[A Naturalist’s Voyage Round the World by Charles Darwin]@TWC D-Link bookA Naturalist’s Voyage Round the World CHAPTER VIII 30/86
I recollect seeing a Gaucho riding a very stubborn horse, which three times successively reared so high as to fall backwards with great violence.
The man judged with uncommon coolness the proper moment for slipping off, not an instant before or after the right time; and as soon as the horse got up, the man jumped on his back, and at last they started at a gallop.
The Gaucho never appears to exert any muscular force.
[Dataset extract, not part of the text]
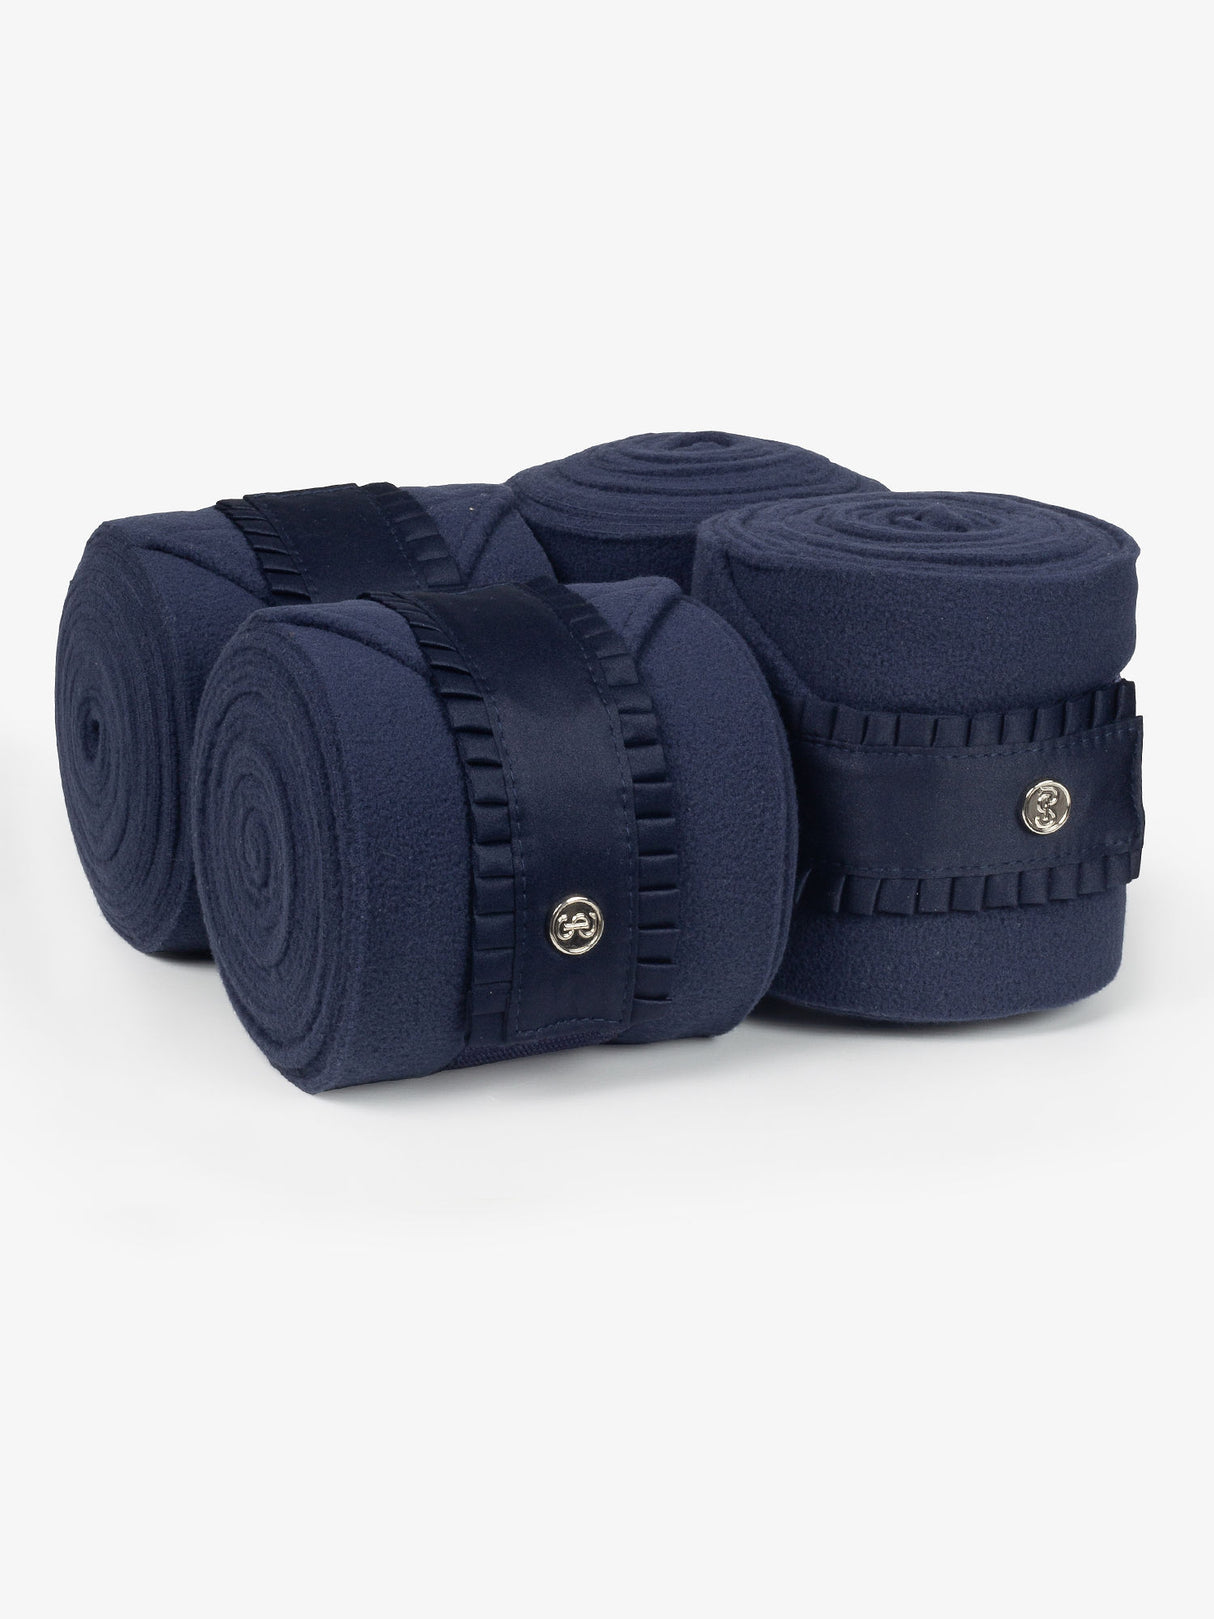 PS of Sweden Ruffle Bandages Navy

I was one day watching a good rider, as we were galloping along at a rapid pace, and thought to myself, "Surely if the horse starts, you appear so careless on your seat, you must fall." At this moment a male ostrich sprang from its nest right beneath the horse's nose: the young colt bounded on one side like a stag; but as for the man, all that could be said was, that he started and took fright with his horse. In Chile and Peru more pains are taken with the mouth of the horse than in La Plata, and this is evidently a consequence of the more intricate nature of the country.
In Chile a horse is not considered perfectly broken till he can be brought up standing, in the midst of his full speed, on any particular spot,--for instance, on a cloak thrown on the ground: or, again, he will charge a wall, and rearing, scrape the surface with his hoofs.